Lead partner of tax firm, PFM Tax Africa, Seth Terkper, has told the World Bank to be candid to managers of the economy and Ghanaians in general, the country’s true debt-distress status.
According to Mr Terkper, local offices of the two Bretton Woods institutions, especially the World Bank, is sending mixed signals to Ghanaians about whether it is still a high risk debt-distress or debt-distressed country.
His assertion follows a media engagement involving World Bank Country Director, Pierre Laporte, in which he stated that he does not foresee Ghana becoming a debt-distressed country anytime soon given the fact that a larger portion of its public debt are long term multilateral loans.
He also noted plans by the World Bank to review Ghana’s classification as a high risk debt distress country mid-next year.
The debt sustainability assessment of Ghana’s economy by the World Bank, comes on the back of Ghana surpassing the 70 per cent debt-to-GDP benchmark and being classified as a high risk debt distress status.
The assessment exercise to be carried out mid-2021 by the World Bank, will look at Ghana’s ability to meet its debt obligations as well as challenges affecting the country’s revenue generation efforts.

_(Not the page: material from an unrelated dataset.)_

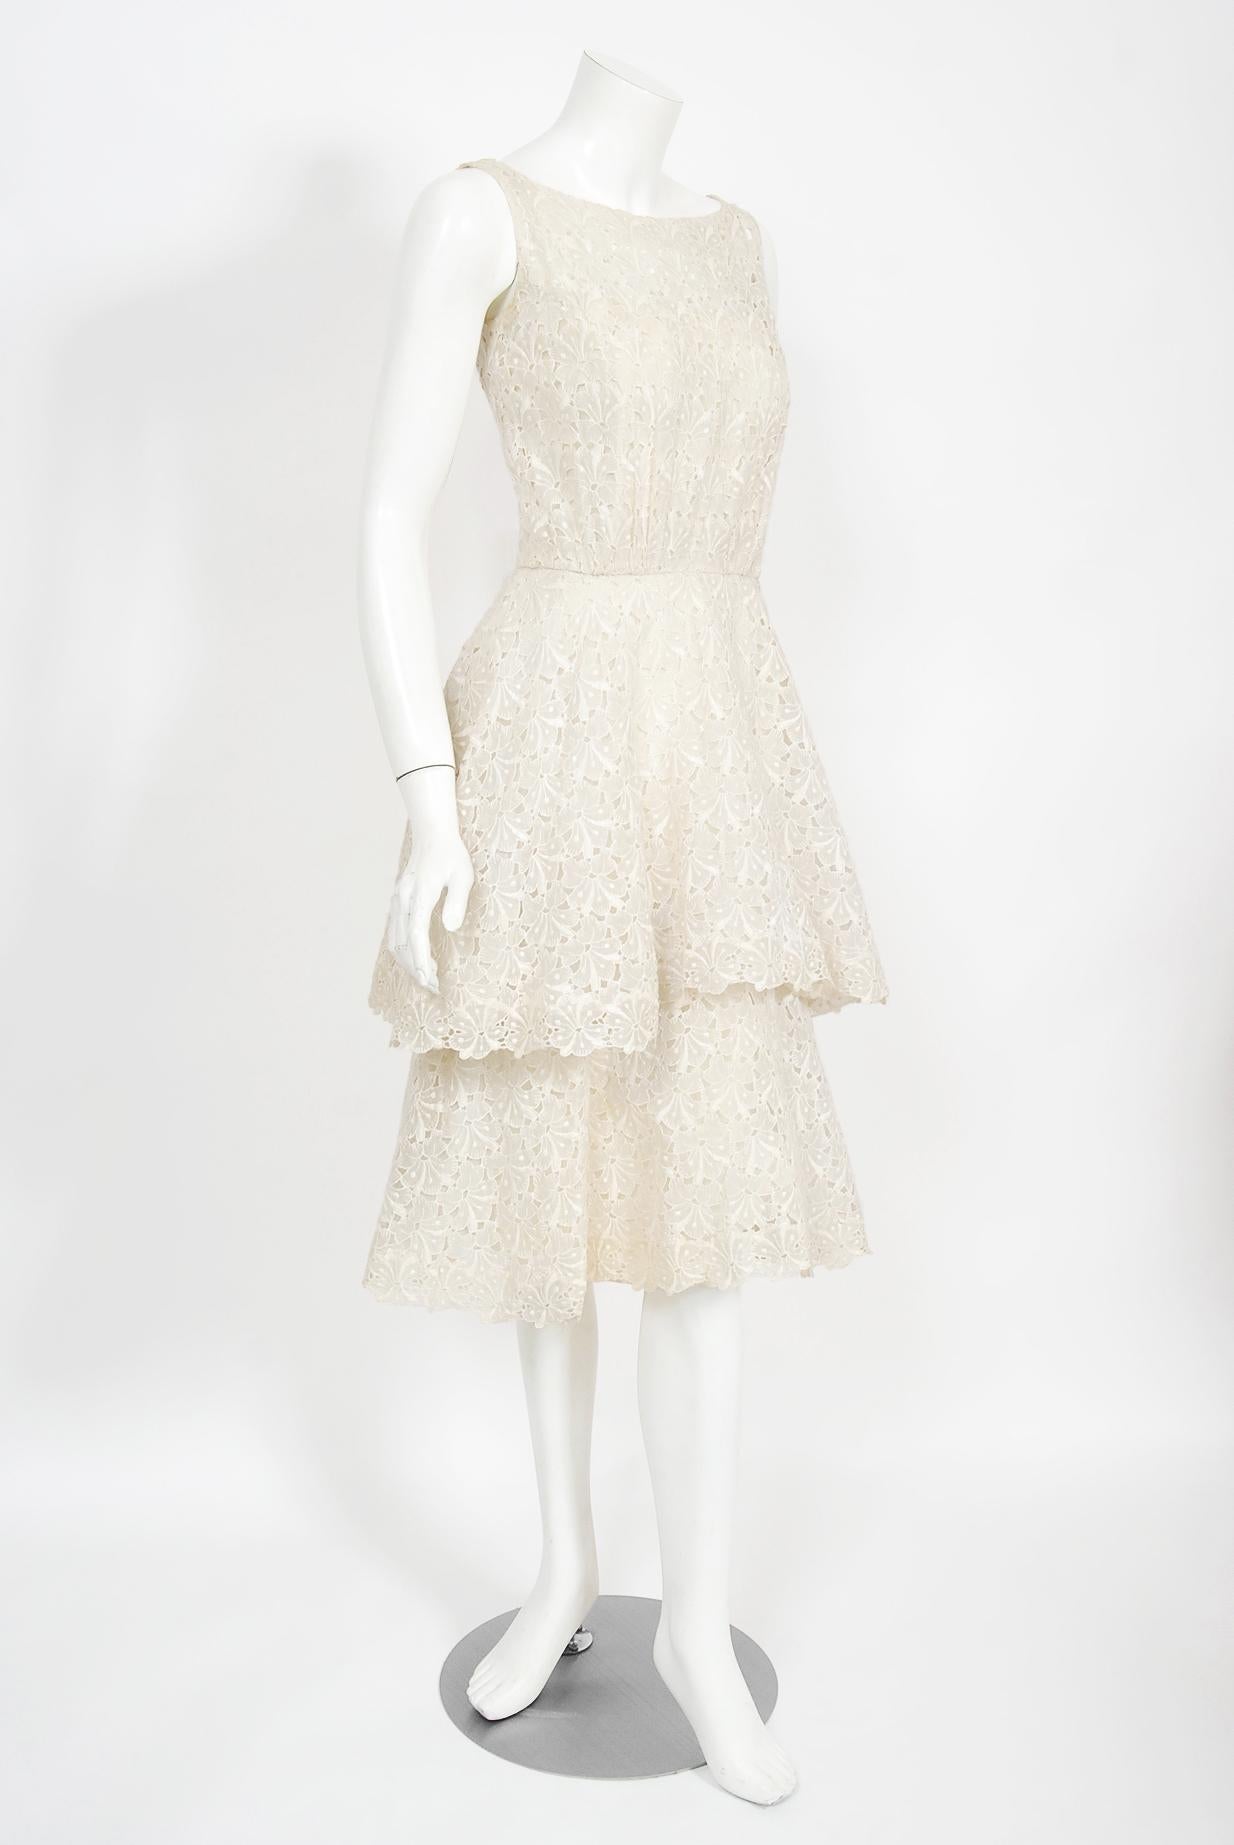 Vintage 1950's Ceil Chapman Ivory Embroidered Eyelet Cotton Tiered Bridal Dress For Sale 1

Reacting to comments made by Mr Laporte, the local representative of the World Bank, Mr Terkper who served as the nation’s Finance Minister in the previous government, advised the Bretton Woods institutions particularly the World Bank to stop making managers of the economy feel complacent about the country’s debt status, especially when everything shows the country’s debt issues are getting out of hand.
“Why is the Fund and World Bank making us feel complacent, why the ambivalence when the situation is clear given our debt issues,” he questioned.
“Ghana’s debt is going to be unsustainable if it is not already unsustainable, I mean we are already in debt-distress and the World Bank has classified Ghana as a high risk debt-distress country but the line between debt-distressed and high risk of debt-distress is a thin one,” he stated.
“If you are going to end 2020 with 76.7 per cent as projected by the IMF and if you also look at the financing of the Expenditure in Advance of Appropriation Budget, which the Eurobond alone is between $3-$5 billion excluding domestic market financing and other loans to be disbursed, looking at the spate of projects to be implemented by government and all that, the difference between 76.7 per cent and 80 per cent is only 3 per cent. So Ghana will definitely exceed the 80 per cent debt-to-GDP mark in the first quarter of 2021 and at that level, no one should tell the nation that we are debt-distressed,” he told norvanreports.
According to Mr Terkper, the use of all the nation’s tax revenues and even borrowing to finance interests and compensation payments alone and not to talk of debt servicing shows the nation is already debt-distressed.
“Again we are using over 50 per cent of our tax revenues for interest payments, adding compensation payments gives you 143 per cent of tax revenues. And these are items we are borrowing to pay when originally they should be catered for by our tax revenues,” he noted.
“And then there is debt servicing….so with all these what again do you need to be told you are debt-distressed,” he posited.